Transcribe the listing below word for word but skip its images.

Data provided -
((

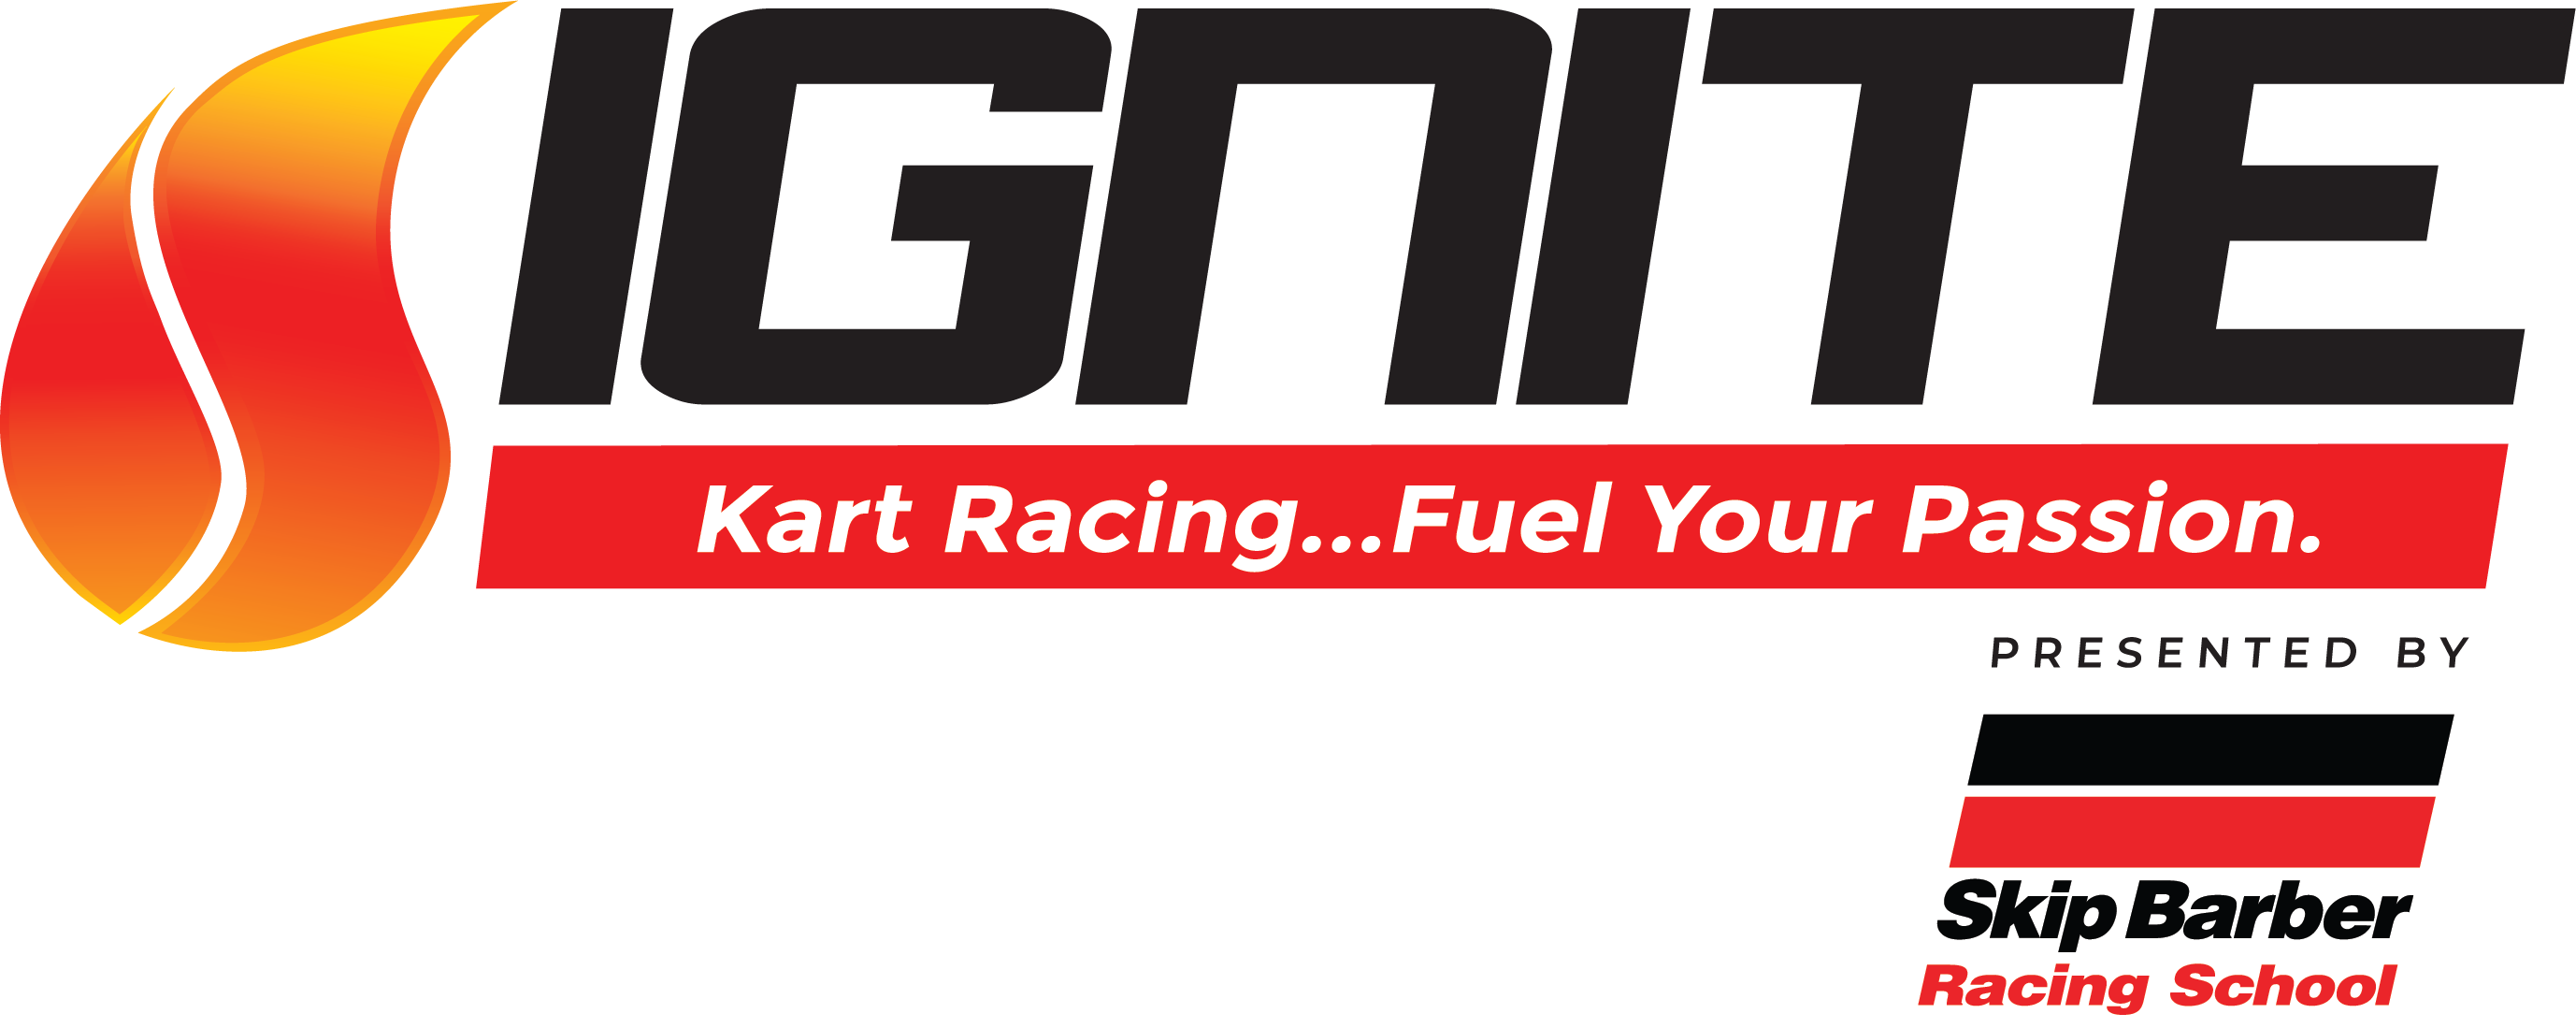 Ignite Karting – Spec Kart Racing
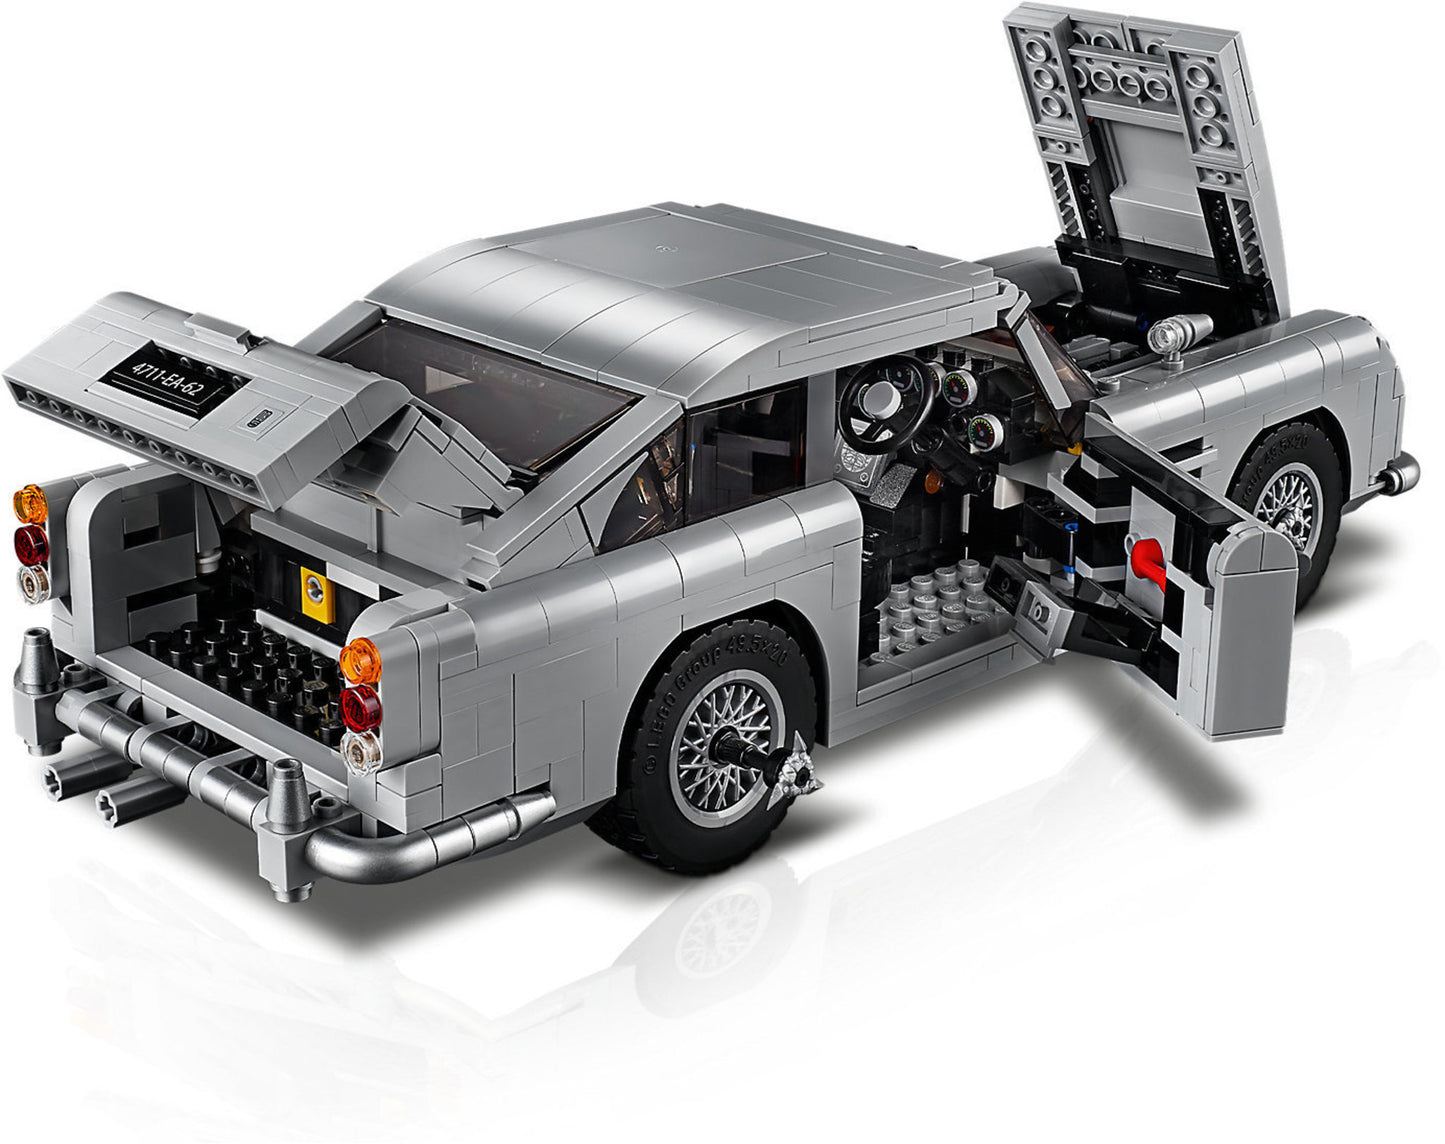 10262 LEGO Creator  - James Bond™ Aston Martin Db5
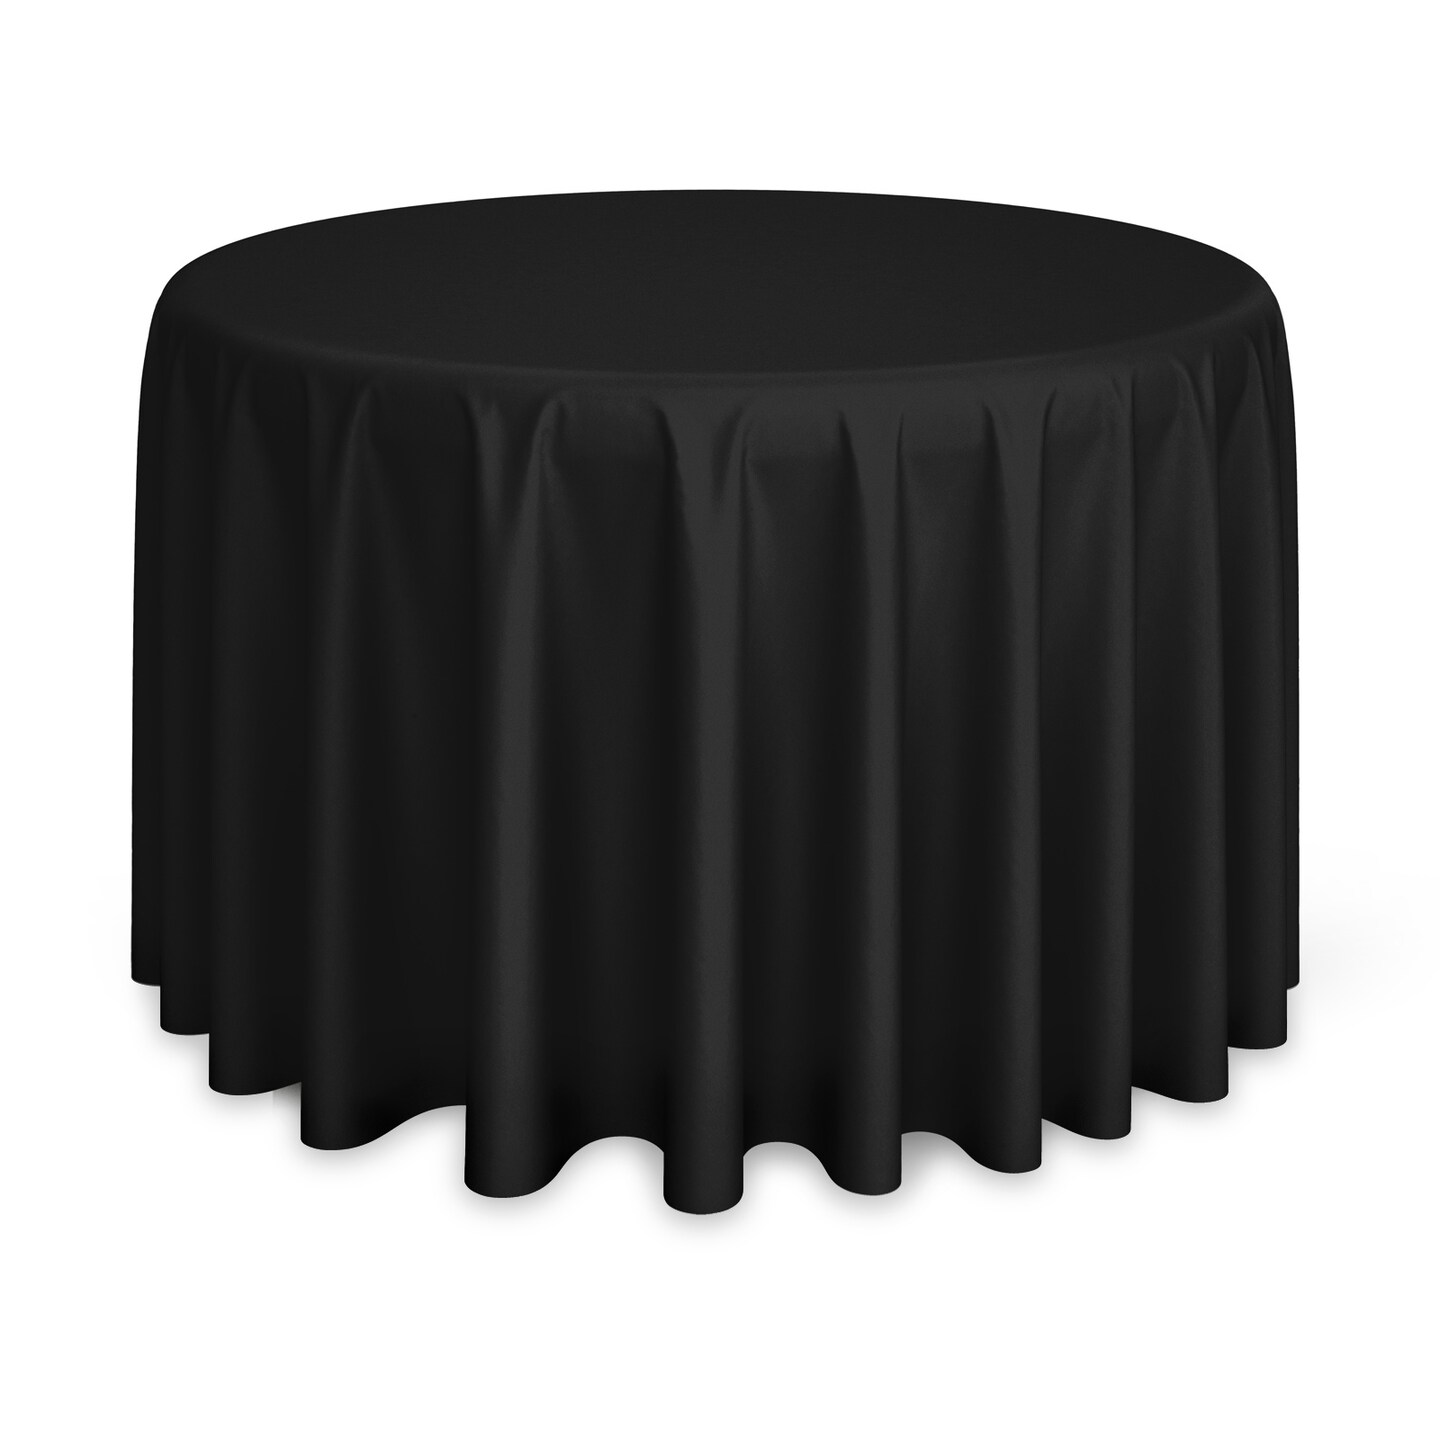 Lann&#x27;s Linens - 20 Premium Round Tablecloths for Wedding / Banquet / Restaurant - Polyester Fabric Table Cloths
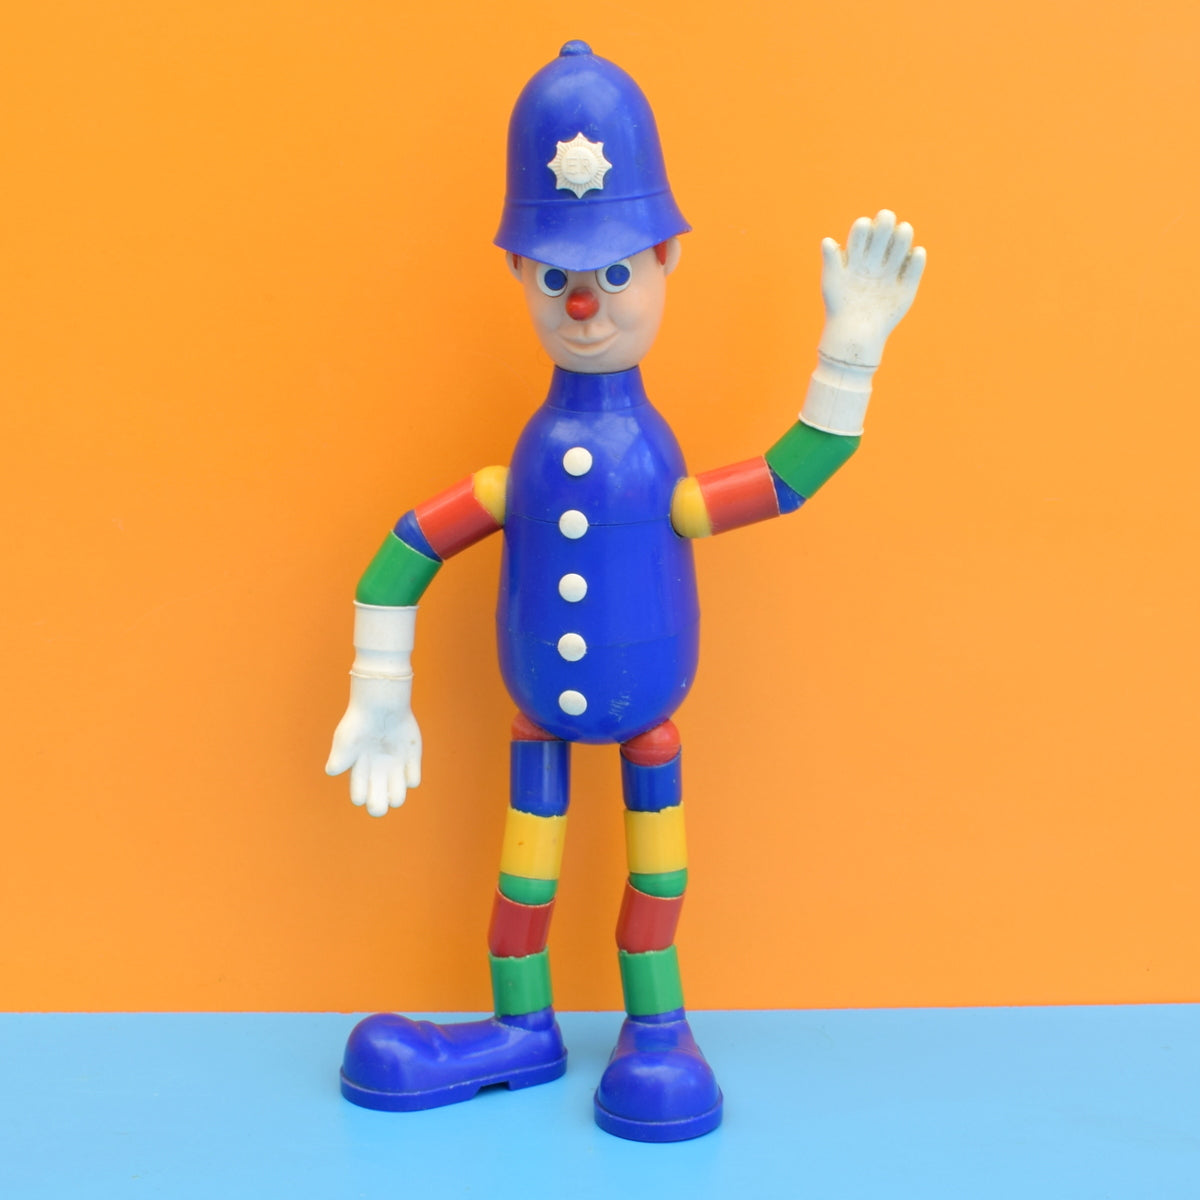 Vintage 1960s Bendy Policeman Toy - Merit Safe Play

))

Answer for this exercise -
 Ignite Karting – Spec Kart Racing
 10262 LEGO Creator  - James Bond™ Aston Martin Db5
 Lann&#x27;s Linens - 20 Premium Round Tablecloths for Wedding / Banquet / Restaurant - Polyester Fabric Table Cloths
 Vintage 1960s Bendy Policeman Toy - Merit Safe Play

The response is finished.